En esta trama se están metiendo las grandes empresas tecnológicas, propiciando un nuevo y siniestro avance de la era Gutenberg. Quienes la daban por enterrada no podían figurarse este giro macabro que, al parecer, pretenden dar a la humanidad y al que está claro que no habrá gobierno que se oponga. Ninguno se resiste a la idea de controlar más al ciudadano y estrechar así su campo de visión.
Tatuajes eléctricos, esto es, los cuales no sólo podrán analizar y recoger información del cuerpo de cada cual, sino también enviar mensajes y realizar llamadas. Es decir, estos tatuajes harán al ser humano localizable y controlable las veinticuatro horas del día, los trescientos sesenta y cinco días del año, sin excepción ni escapatoria, sin margen aparente para lo que podríamos llamar una regresión humanística. ¿Las novelas nos las pasarán también por la tinta del tatuaje, es decir, nos las meterán en vena? ¿O las volverán a prohibir?
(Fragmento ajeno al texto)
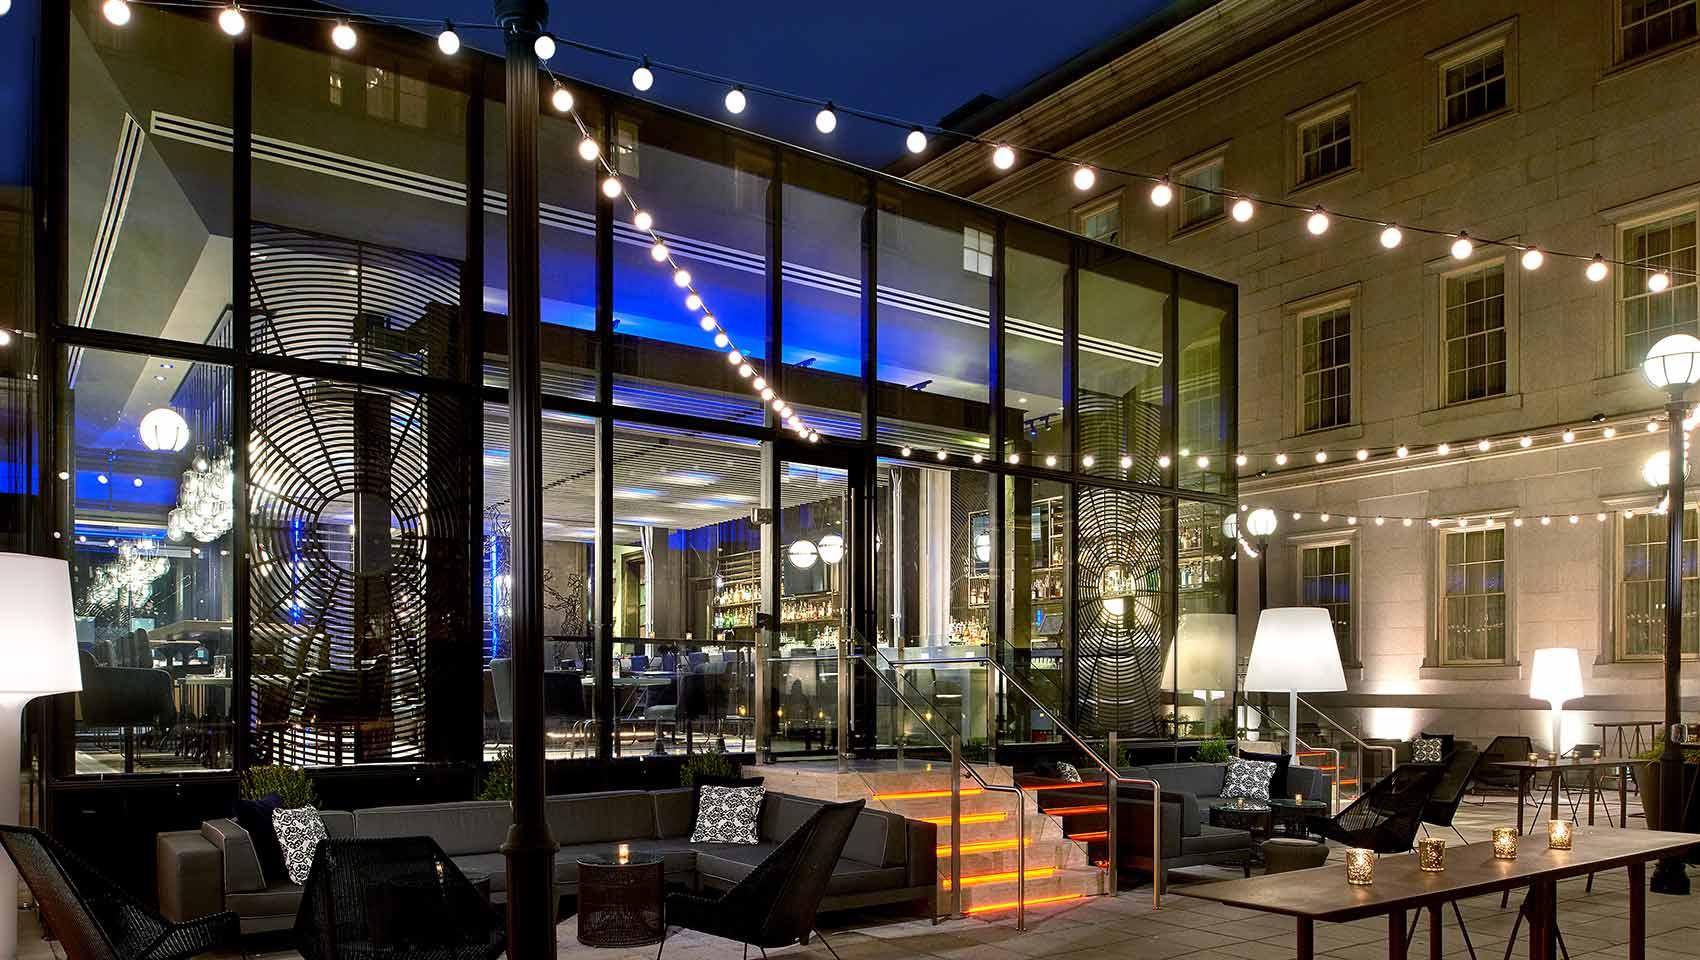 Kimpton Hotel Monaco Washington D C Appoints New
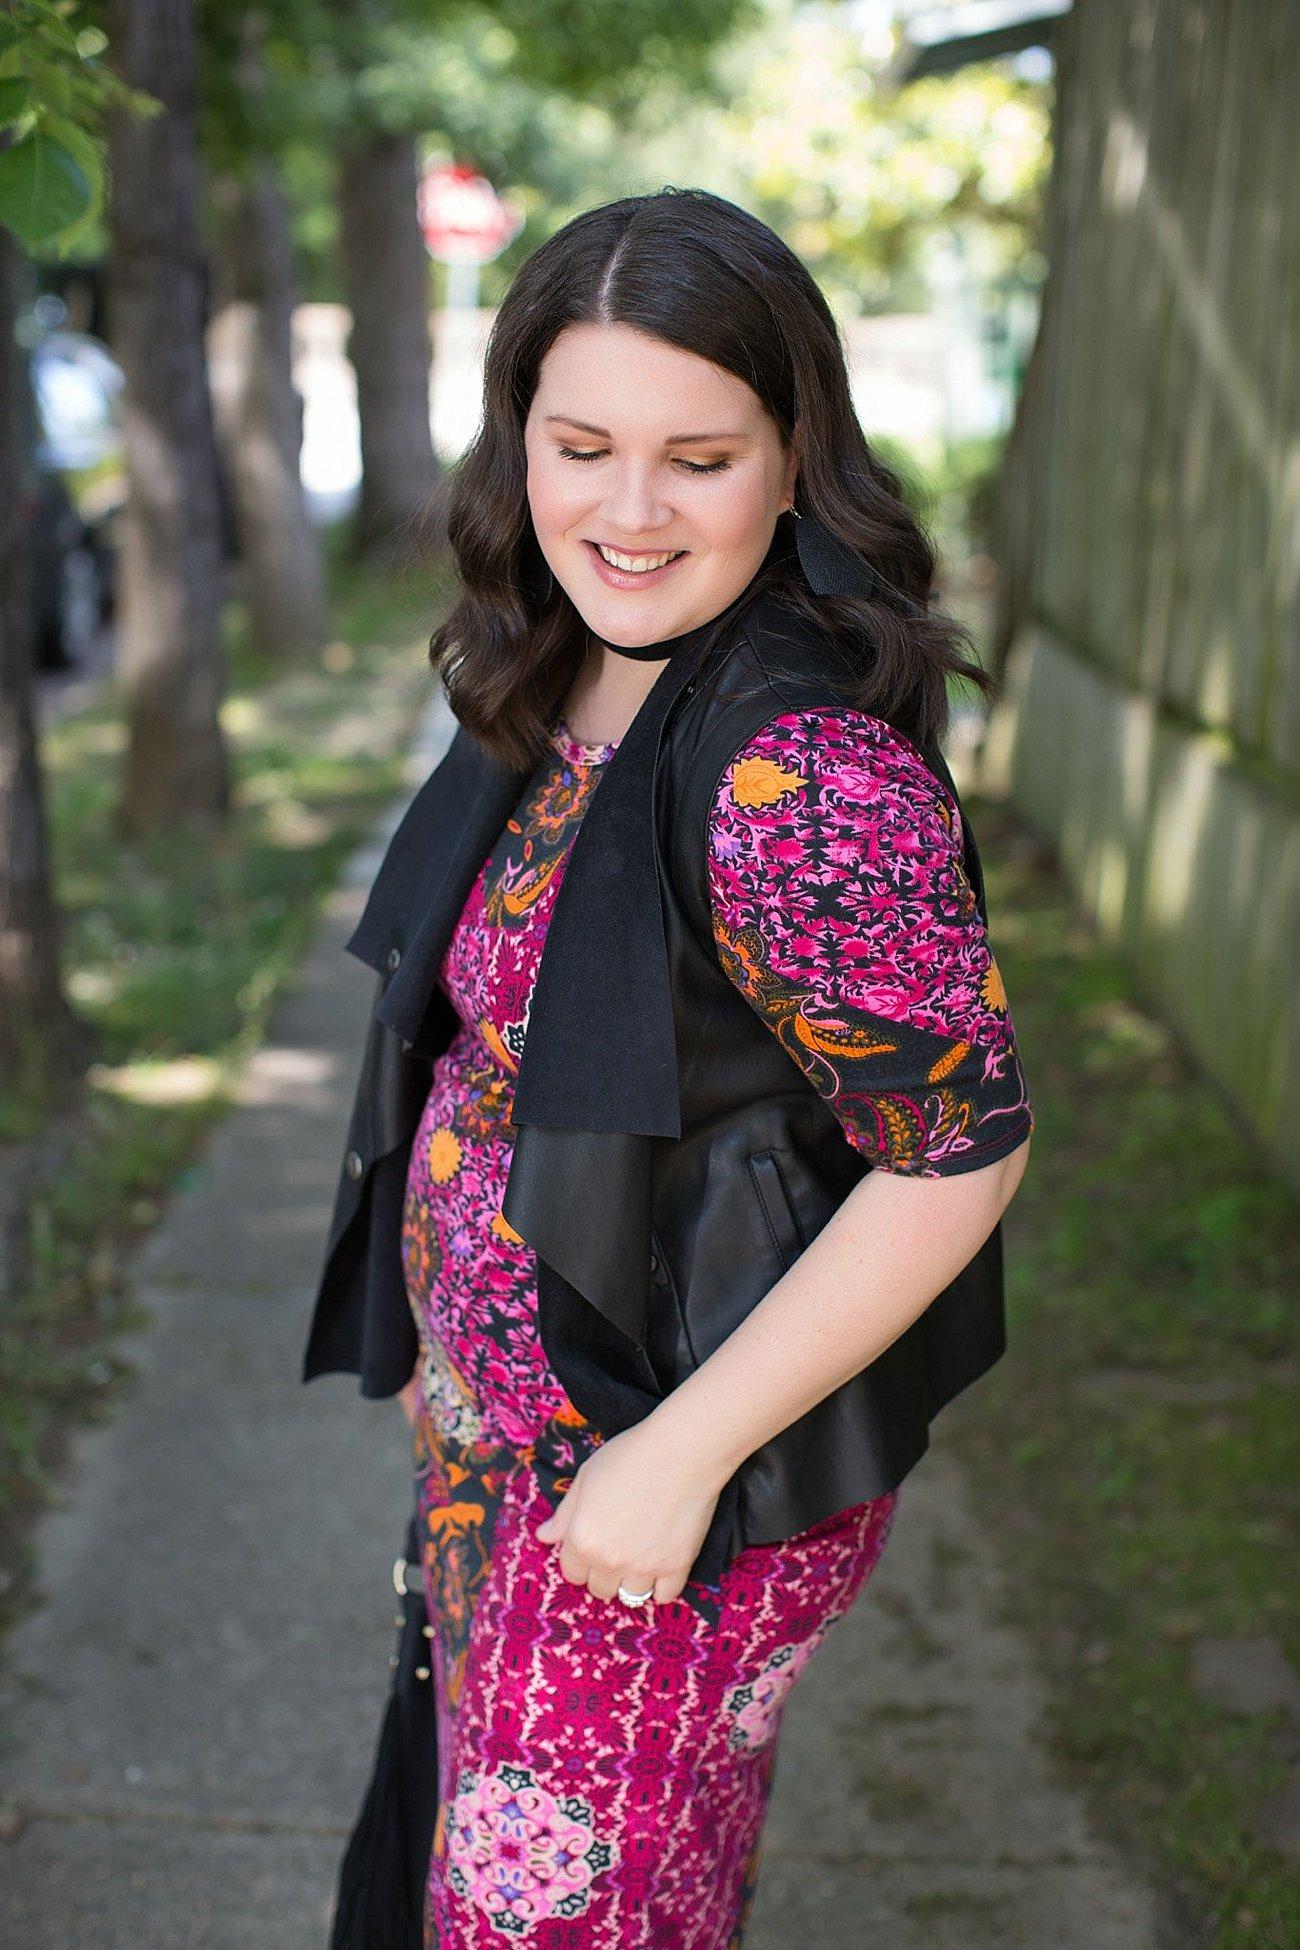 LulaRoe Julia Dress, Stitch Fix Kut From the Kloth Leather Vest, Nickel & Suede Earrings, Nickel & Suede Choker   North Carolina Fashion & Style Blogger (8)

Claro que en algún momento, desde la última parcela de libertad que nos quede, aparecerá quien escriba una novela mordaz e inteligente que ponga en tela de juicio la implantación de esos chips —otra cosa no es— en nuestros cuerpos. Primero se los pusieron a los perros, no está muy claro con qué finalidad, acaso como meros conejillos de indias, y en breve nos tocará a nosotros. Es paradójico que vaya a ser a través de un tatuaje, sinónimo para muchos de libertad y rebeldía, justo lo que va a quedar seriamente comprometido a partir del momento en que introduzcan el primero.
Dice Bill Gates que a través de estos tatuajes podremos realizar muchas de las cosas que hacemos a través de los teléfonos móviles de última generación, como si necesitáramos esas tantas cosas que hacen estos aparatos y que más bien nos encierran como en una nueva caverna platónica. Vemos luces, representaciones, símbolos…, meras ilusiones que nos ciegan y embelesan. Hubo un tiempo no tan lejano en que, lejos de la rebeldía y la libertad, el tatuaje conllevaba el estigma de «estar marcado», un tiempo que muchos intentan traer de vuelta de forma irresponsable y que las nuevas tecnologías parecen favorecer al fomentar la segmentación y el control social.
Este escribidor se siente cada vez más próximo a la tiendecita de tabaco de Pound, aunque no fume, aunque no entienda nada. Ni siquiera Pound lo entendería, me temo, él que cargó al final de sus días con la mala conciencia de aquellos tiempos.
[1] ‘La isla en el lago’, traducción de José Coronel Urtecho y Ernesto Cardenal.